We now have two model specifications, each of which can be completely different. I’ve used Royston-Parmar survival models. We define a random effect with the same name in each linear predictor, which means only one random effect has been defined, but it is included in both outcome models. In the first model, I’ve simply constrained the coefficient of the random effect to be 1. This provides a highly convenient way of linking random effects between outcome models. Our results show a highly positive estimate of associtaion of 0.910 (95% CI: 0.444, 1.378) showing substantial association between the two event processes, i.e. a higher rate of rehospitalisation also increases the mortality rate.

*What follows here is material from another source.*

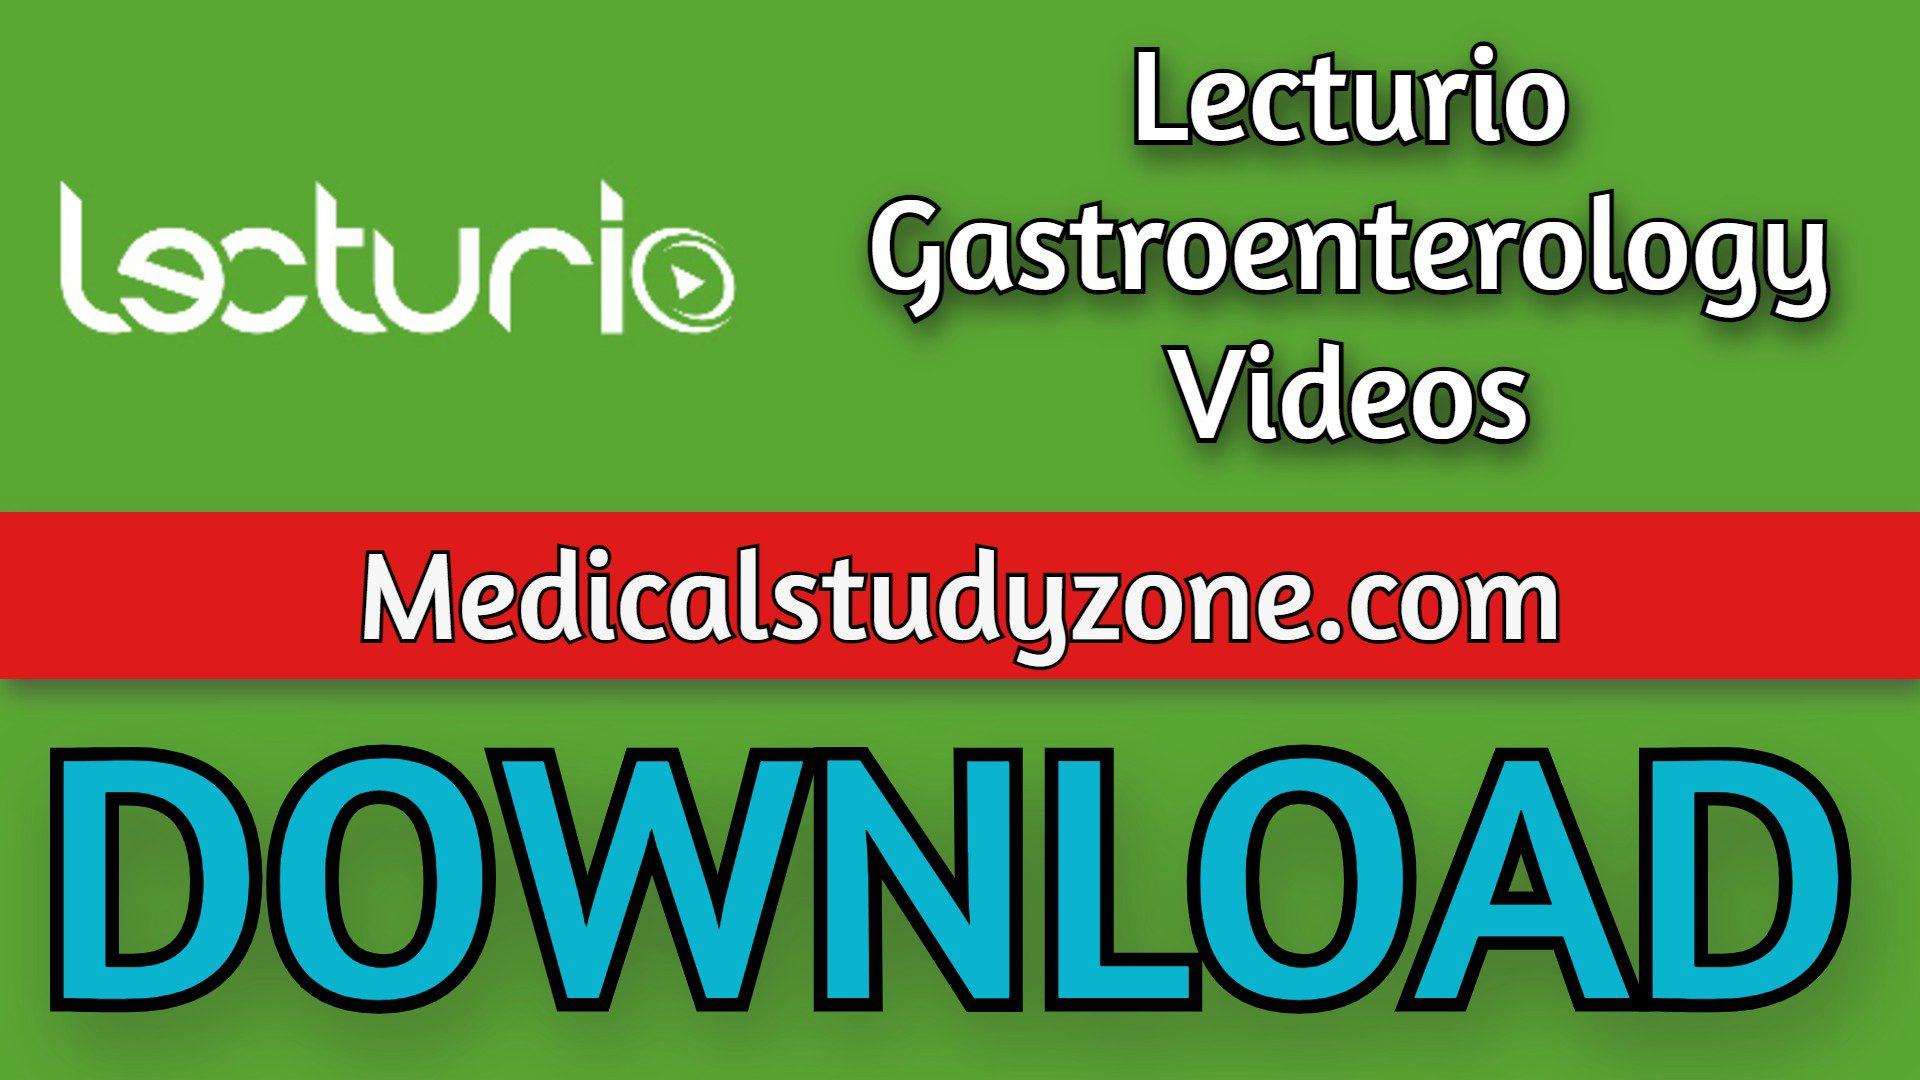 Lecturio Gastroenterology Videos 2021 Free Download

The second approach consists of two random effects included in the recurrent event model, one of which is also included in the linear predictor of the terminal event model, as follows,

$$ h_{ij}(t) = h_{0}(t) \exp (X_{1ij} \beta_{1} + b_{1i} + b_{2i}) $$ and $$ \lambda_{i}(u) = \lambda_{0}(u) \exp (X_{1i} \beta_{2} + b_{2i}) $$

where $b_{1i} \sim N(0,\sigma_{1}^2)$ and $b_{2i} \sim N(0,\sigma_{2}^2)$. Our $\sigma_{2}$ parameter then
indicates the association between the two processes. We can fit this model with `merlin`

, this time illustrating
how to use different distributions for the recurrent event and terminal event processes,

```
. merlin (time gender1 dk2 dk3 ch2 ch3 M1[id]@1 M2[id]@1 , family(rp, df(3) failure(event))) ///
> (stime gender1 dk2 dk3 ch2 ch3 M2[id]@1 , family(rp, df(1) failure(death)))
variables created: _rcs1_1 to _rcs1_3
variables created: _rcs2_1 to _rcs2_1
Fitting fixed effects model:
Fitting full model:
Iteration 0: log likelihood = -1590.3742
Iteration 1: log likelihood = -1528.1177
Iteration 2: log likelihood = -1521.2043
Iteration 3: log likelihood = -1520.979
Iteration 4: log likelihood = -1520.9745
Iteration 5: log likelihood = -1520.9745
Mixed effects regression model Number of obs = 861
Log likelihood = -1520.9745
------------------------------------------------------------------------------
| Coef. Std. Err. z P>|z| [95% Conf. Interval]
-------------+----------------------------------------------------------------
time: |
gender1 | -.4617122 .1439662 -3.21 0.001 -.7438808 -.1795436
dk2 | .4038236 .1597784 2.53 0.011 .0906638 .7169835
dk3 | 1.370281 .2084709 6.57 0.000 .9616859 1.778877
ch2 | .3259105 .2628614 1.24 0.215 -.1892884 .8411094
ch3 | .3437377 .1366298 2.52 0.012 .0759482 .6115272
M1[id] | 1 . . . . .
M2[id] | 1 . . . . .
_cons | -2.153943 .1511438 -14.25 0.000 -2.45018 -1.857707
-------------+----------------------------------------------------------------
stime: |
gender1 | -.3586175 .2282707 -1.57 0.116 -.8060198 .0887848
dk2 | .9218092 .3362921 2.74 0.006 .2626887 1.58093
dk3 | 2.992597 .371161 8.06 0.000 2.265135 3.720059
ch2 | .7382485 .6340328 1.16 0.244 -.504433 1.98093
ch3 | 1.130697 .2543349 4.45 0.000 .6322093 1.629184
M2[id] | 1 . . . . .
_cons | -3.267833 .2988508 -10.93 0.000 -3.85357 -2.682096
-------------+----------------------------------------------------------------
id: |
sd(M1) | .3860664 .1480004 .1821168 .818416
sd(M2) | .7341325 .0978282 .5653872 .9532415
------------------------------------------------------------------------------
```

This defines two random effects at the `id`

level, which by default have an independent covariance structure.
Our estimate of $\sigma_{1}$ is 0.386 (95% CI: 0.182, 0.818),
and similarly we obtain an estimate for $\sigma_{2}$ of 0.734 (95% CI: 0.565, 0.953).

From both a theoretical and interpretation perspective, I prefer the first of these two joint frailty models. If there was no association, then $\sigma_{1} = 0$, which is at the boundary of its parameter space, and hence unlikely to converge, compared to $\alpha = 0$ from model 1.

Extensions including higher levels, time-dependent effects, non-linear covariate effects and the relative survival extension can be included very simply.